1931: Dr. Otto Warburg wins the Nobel Prize for discovering cancer cells cannot survive without glucose. They're glucose-dependent.

This suggests depriving cancer cells of glucose might treat cancer. Warburg proposes testing therapeutic ketosis: cancer cells need glucose, healthy cells run on ketones.

The hypothesis is brilliant. Clinical trials should begin immediately.

They don't.

Why? Chemotherapy research is exploding. Pharmaceutical companies can patent chemotherapy drugs. They cannot patent "stop eating sugar."

Throughout the 1960s-70s, scattered researchers test ketogenic diets for cancer. Small studies show promising results. Cancer cells shrink when glucose is restricted.

These studies are published in minor journals. No major institution picks them up. No pharmaceutical company funds larger trials.

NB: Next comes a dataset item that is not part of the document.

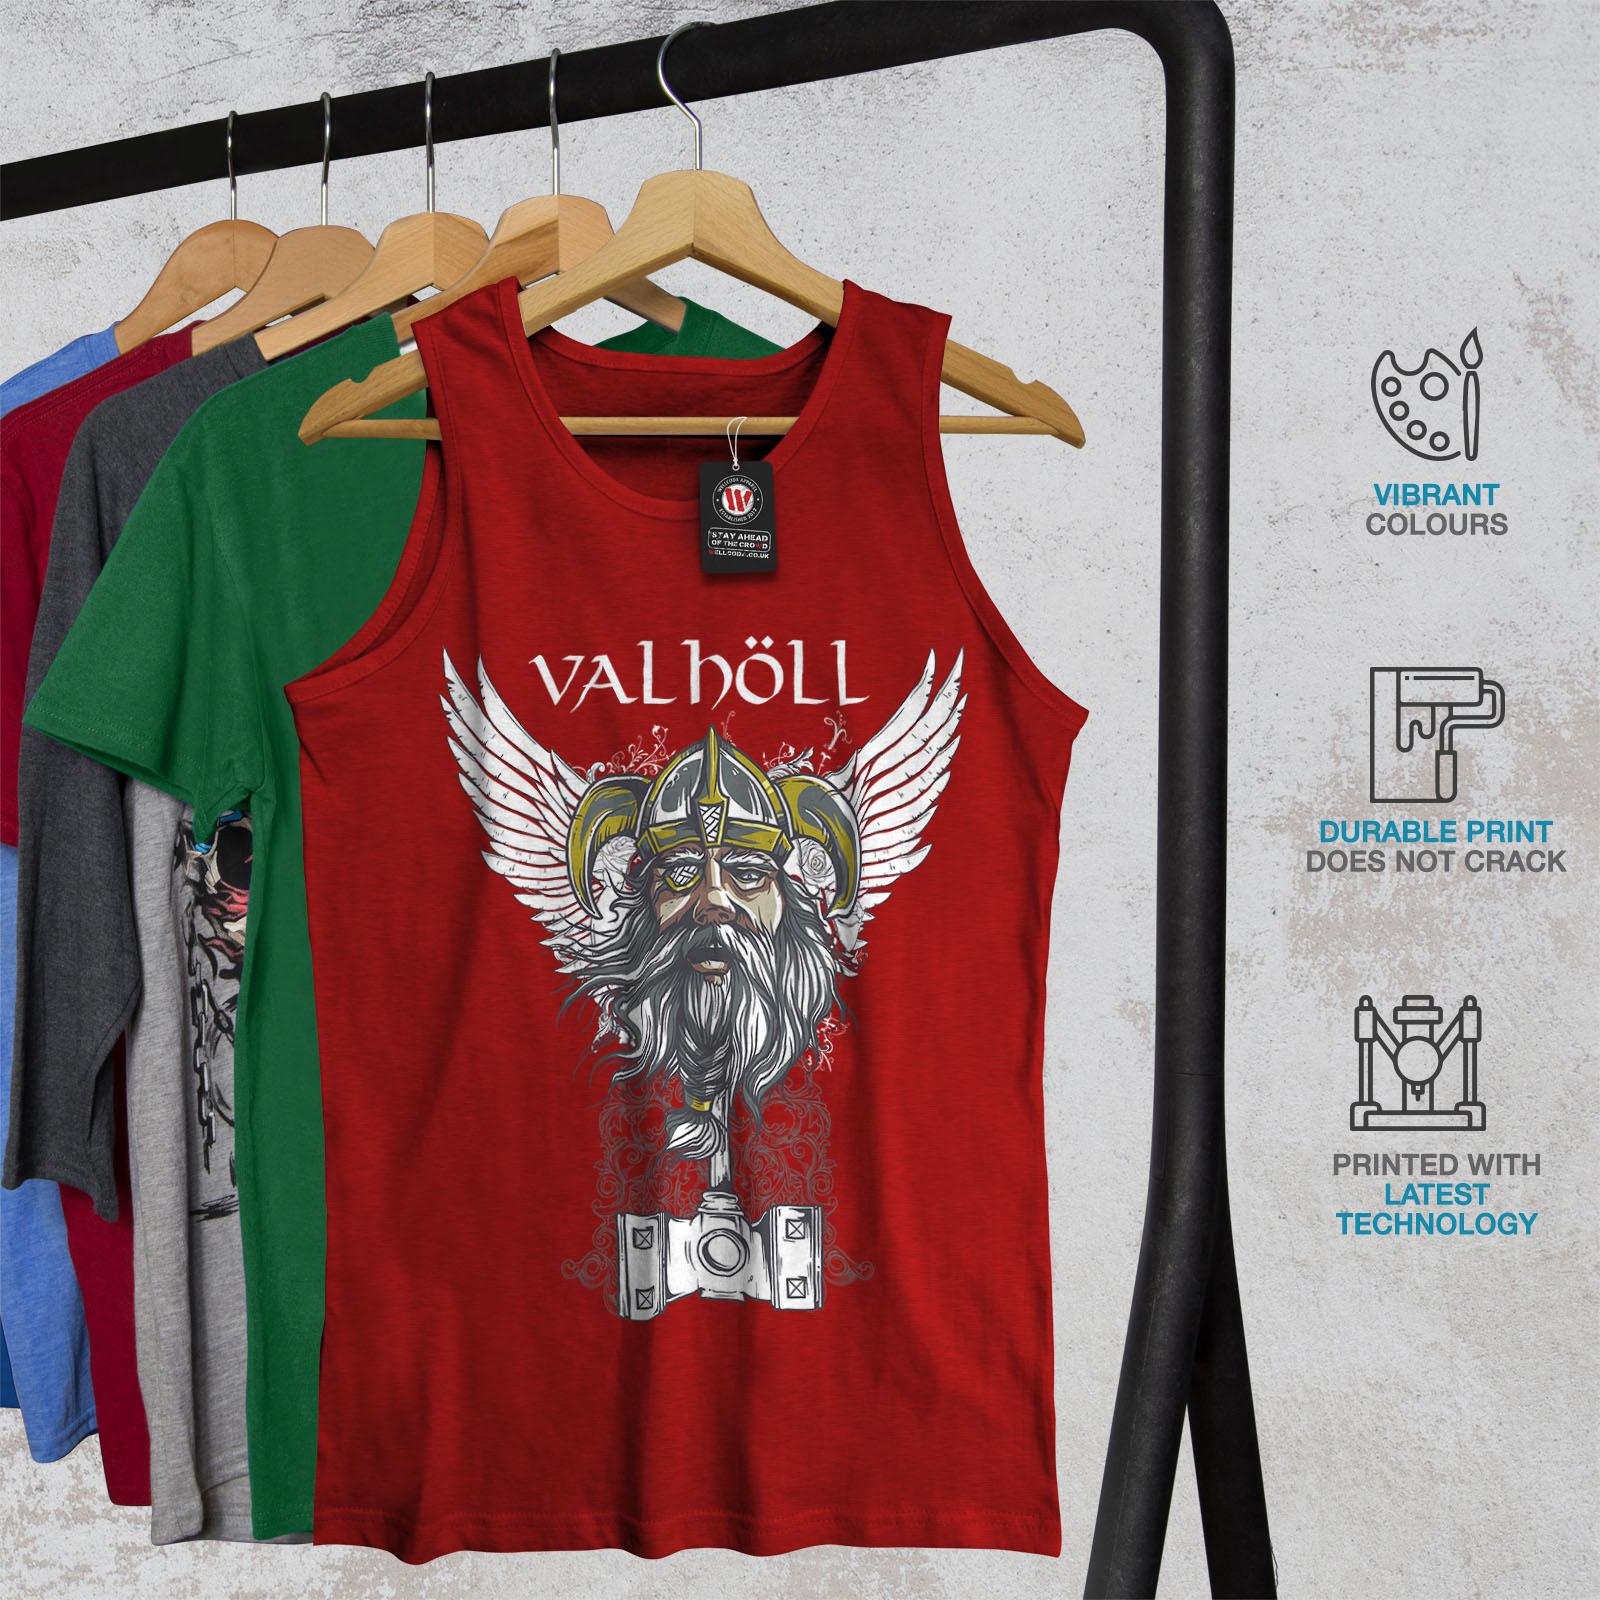 Nordic Camicia di Sport Attivo Wellcoda valholl NORD GUERRA Da Uomo Canotta

Dr. Thomas Seyfried at Boston College rediscovers Warburg's work in the 2000s. After 15 years researching cancer metabolism, his conclusion: Cancer is metabolic, not primarily genetic. Ketogenic diets should be first-line therapy.

He publishes "Cancer as a Metabolic Disease" in 2012. Comprehensive. Meticulously researched.

The oncology establishment ignores it completely.

When Seyfried lectures at medical schools, oncologists walk out. They call his work "dangerous." Not because the science is wrong. Because suggesting diet could treat cancer threatens the entire chemotherapy industry.

Current standard cancer treatment: Poison the patient with chemotherapy, then send them home with advice to eat "healthy whole grains" that feed the cancer.

Current research funding for metabolic cancer therapy: Essentially zero.

Warburg won the Nobel Prize 95 years ago. We've known cancer is glucose-dependent since 1962.

We're still feeding cancer patients sugar and calling it supportive care.

Because ketogenic therapy can't be patented.